Les premiers procès pour l'agrandissement de l'église par l'adjonction d'une chapelle du côté de l'épitre datent de la 2e moitié du XVIIe siècle. Cette chapelle, dédiée à Saint Joseph et édifiée en 1666 (G. 1118 (p. 229)) fut prévue de la même "grandeur" que celle de Notre Dame (Voir G. 2152 et G. 3963), édifiée au XVe siècle (selon Grasset-Morel) pour agrandir une première fois le sanctuaire. Une fois la dite chapelle construite, l'église s'avéra vite trop petite et il devint urgent de l'agrandir de nouveau ou de la reconstruire entièrement. Cette décision devait ouvrir une nouvelle période de procès entre le chapitre Saint Pierre, le chapitre Saint Sauveur et la communauté de Lansargues, à propos du financement des travaux.

2) CONTEXTE HISTORIQUE.

La décision de faire reconstruire l'Eglise Saint Martin exigile (Plan de la liasse G. 3 966) pour le nombre des fidèles (de 600 à 700 communiants à la fin du XVIIe siècle) (G. 1174), fut prise par l'évêque de Montpellier le 22 Juin 1701 sur la demande des habitants de Lansargues (G. 3963). Une première fois des plans furent tirés par l'architecte Giral en 1701 (G. 3934)» il s'agissait vraisemblablement d'Etienne Giral architecte de Montpellier dont le nom est resté attaché à la promenade du Peyrou et qui naquit le 12 Novembre 1665 (De la Rocque : p. 119) ; mais ces plans ne furent pas exécutés » et l'on se contenta de réparer le plus urgent : la toiture s'étant effondrée on la releva en 1710 (Grasset-Morel, p. 139).

En 1727 les travaux d'agrandissement n'étaient pas encore commencés. Ils devaient être exécutés par Sellier maître-maçon du Crès (Grasset-Morel, p. 141 et G. 3934) et c'est le 21 Mars 1729 que fut enfin placée la première pierre de la nouvelle église. Cependant on ne tarda pas à s'apercevoir des difficultés insolubles si l'on appliquait le plan de Giral ; après consultation de l'architecte Rollin, pris comme expert, il fut décidé de laisser en place la chapelle Notre Dame transformée en sacristie et d'augmenter l'église vers le Sud (G. 3967) après le "changement de plan et devis (dressé ) par Rollin en 1729" (G. 3934).
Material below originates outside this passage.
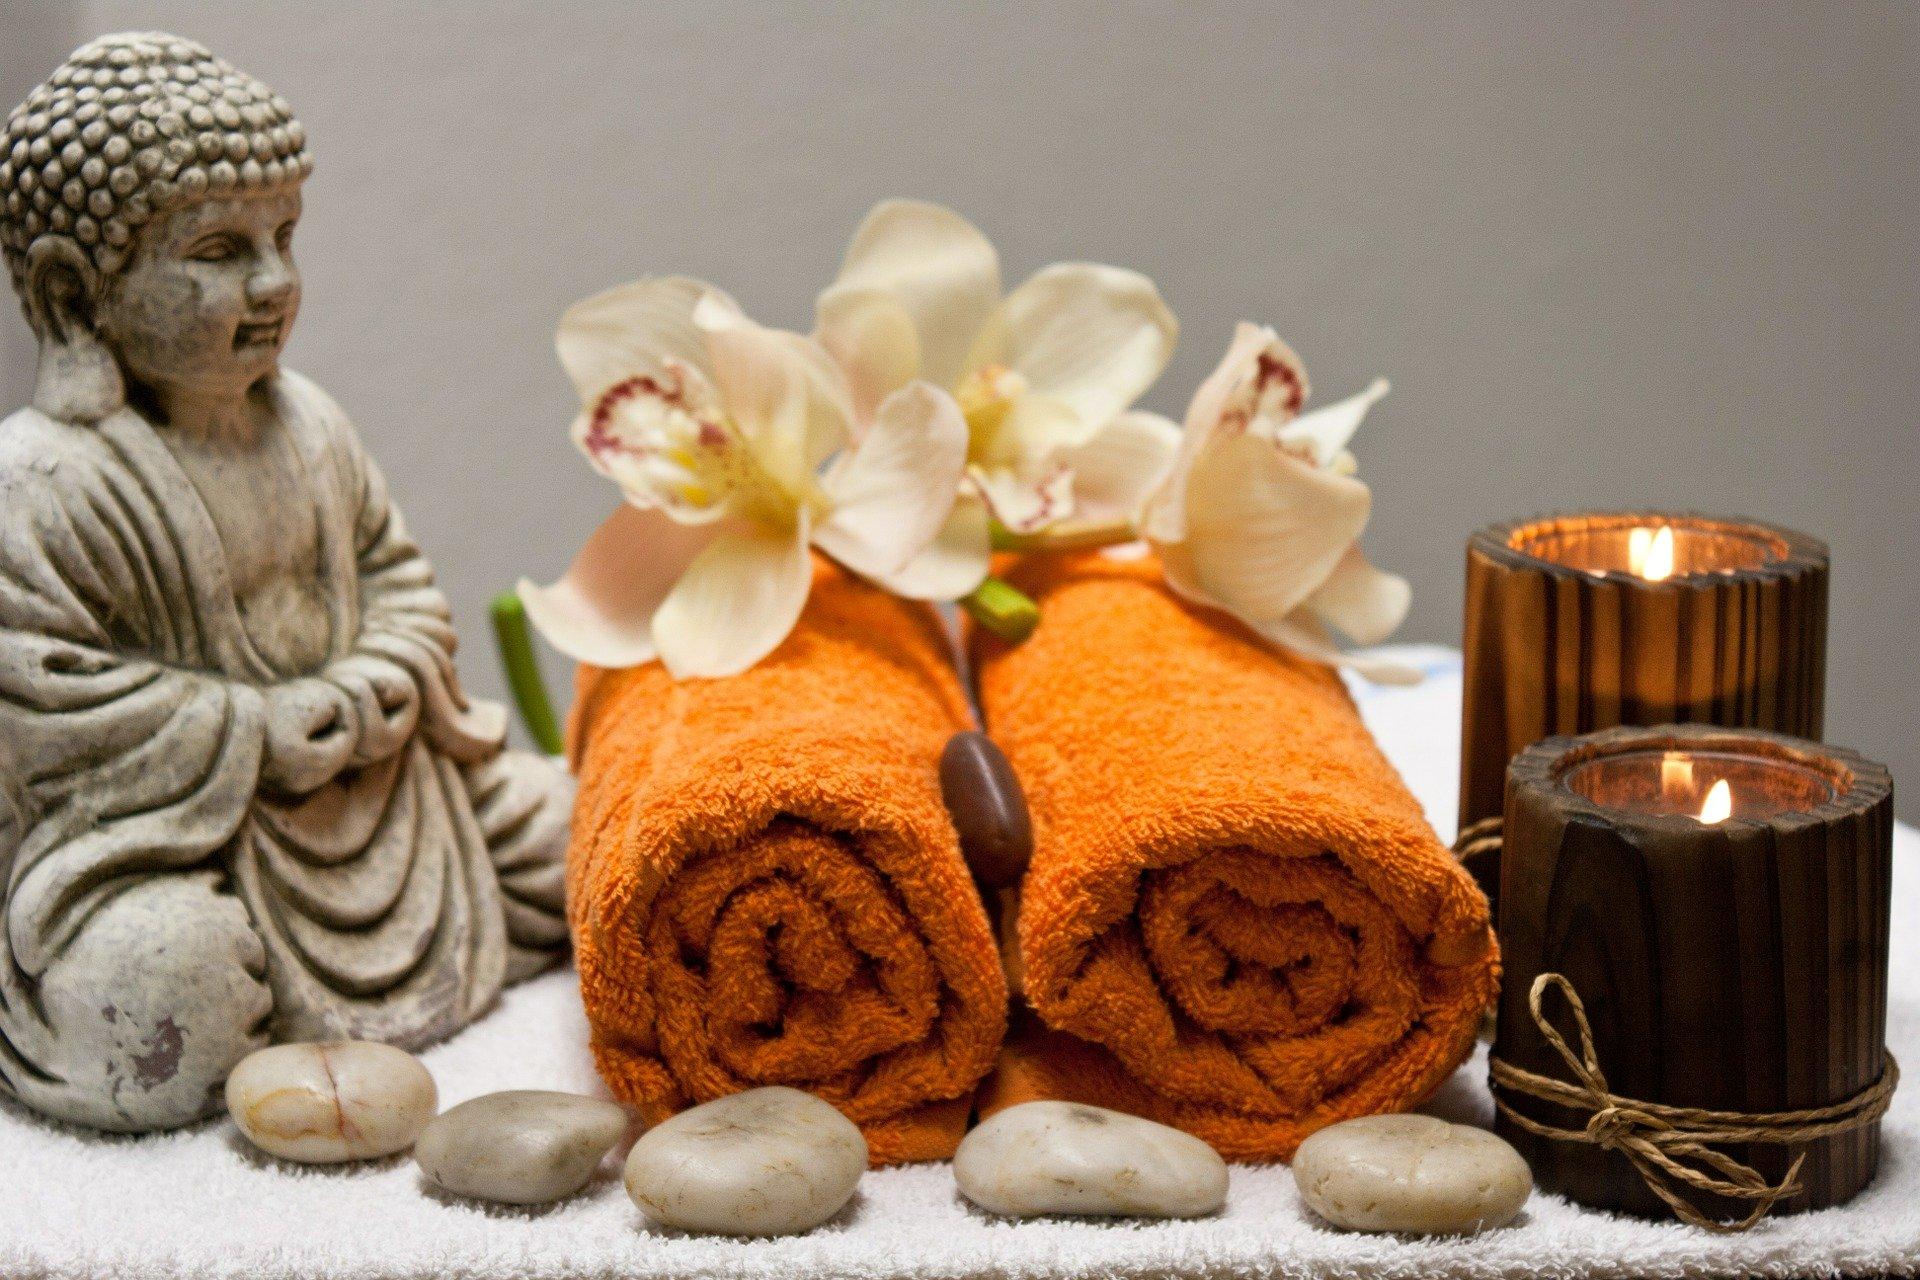 Massagen sind gut für die Gesundheit und reduzieren Stress.

La construction de l'église suivant le nouveau schéma s'étala sur plus de 10 ans et c'est seulement le 18 Mars 1741 que la nouvelle église fut bénite par Monseigneur de Charence (G. 1525).

La nouvelle église est "composée d'une grande voûte", de plan rectangulaire avec huit chapelles latérales, de direction Nord-Sud, alors que l'église précédente telle qu'elle nous est présentée par le plan de Desfours (Plan de la liasse G. 3966.) était recouverte d'une charpente (G. 3966) avec une nef orientée et deux chapelles latérales.
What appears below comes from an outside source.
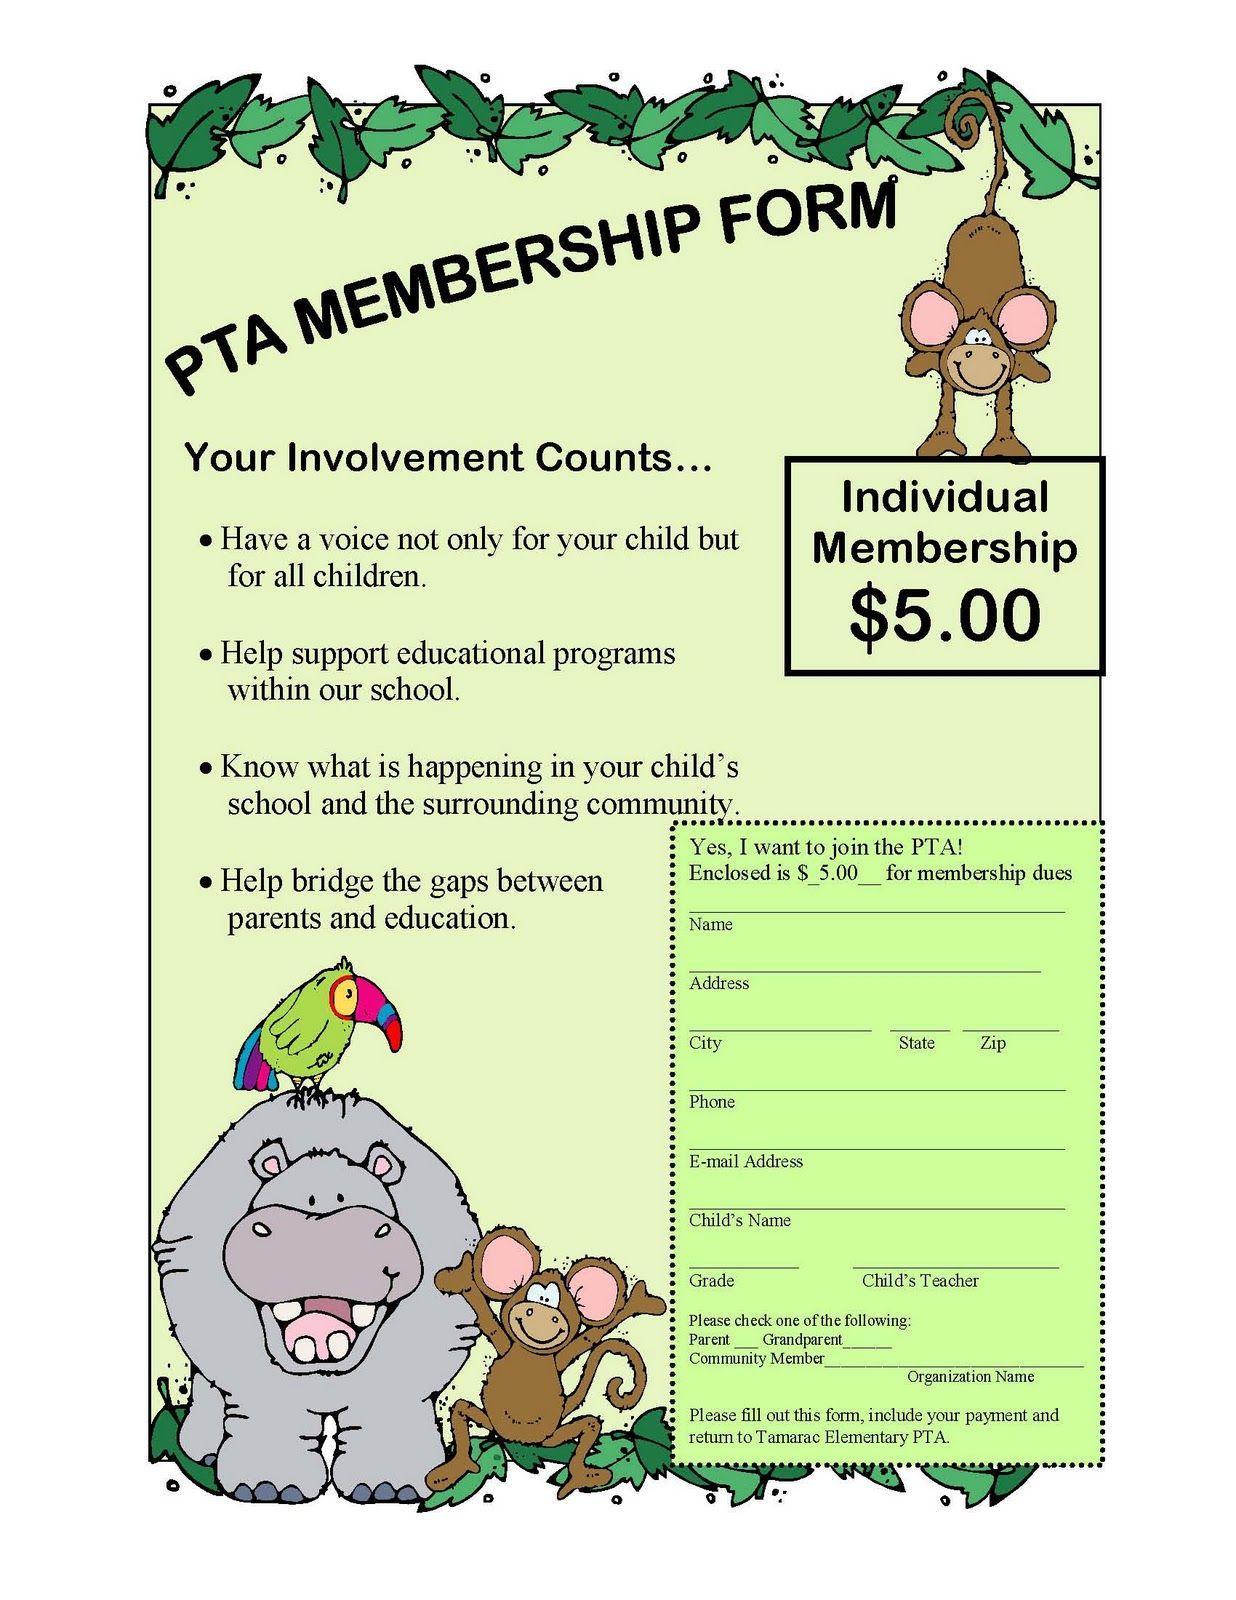 Tiger News: PTA Membership Drive through October 31st | PTA ...

L'église actuelle est flanquée d'un clocher adossé à la nef et à la sacristie. La partie basse du clocher est antérieure à sa partie haute qui fut édifiée après la bénédiction de la nouvelle église, en 1745 ainsi qu'en témoigne la pierre commémorative insérée dans la construction.

LA SACRISTIE

La sacristie actuelle utilise l'ancienne chapelle Notre Dame qui fut autrefois un premier agrandissement de l'église romane de Lansargues ; elle devait être doublée plus tard en 1666 par une autre chapelle, du côté de l'épitre et de même grandeur. La chapelle Notre Dame formait avec l'ancienne église un angle droit dans lequel venait s'insérer le clocher.

Lors de la réédification de l'église les murs de la chapelle Notre Dame devaient servir au nouveau sanctuaire selon le plan de Giral (G. 3934 et G. 3967). Toutefois lorsque commencèrent les travaux on s'aperçut des dangers courus pour la résistance du clocher et du presbytère si l'on ne gardait pas la dite chapelle dans sa forme première et, il fut donc décidé de construire le nouveau sanctuaire en avant de l'ancienne chapelle Notre Dame (G. 3934).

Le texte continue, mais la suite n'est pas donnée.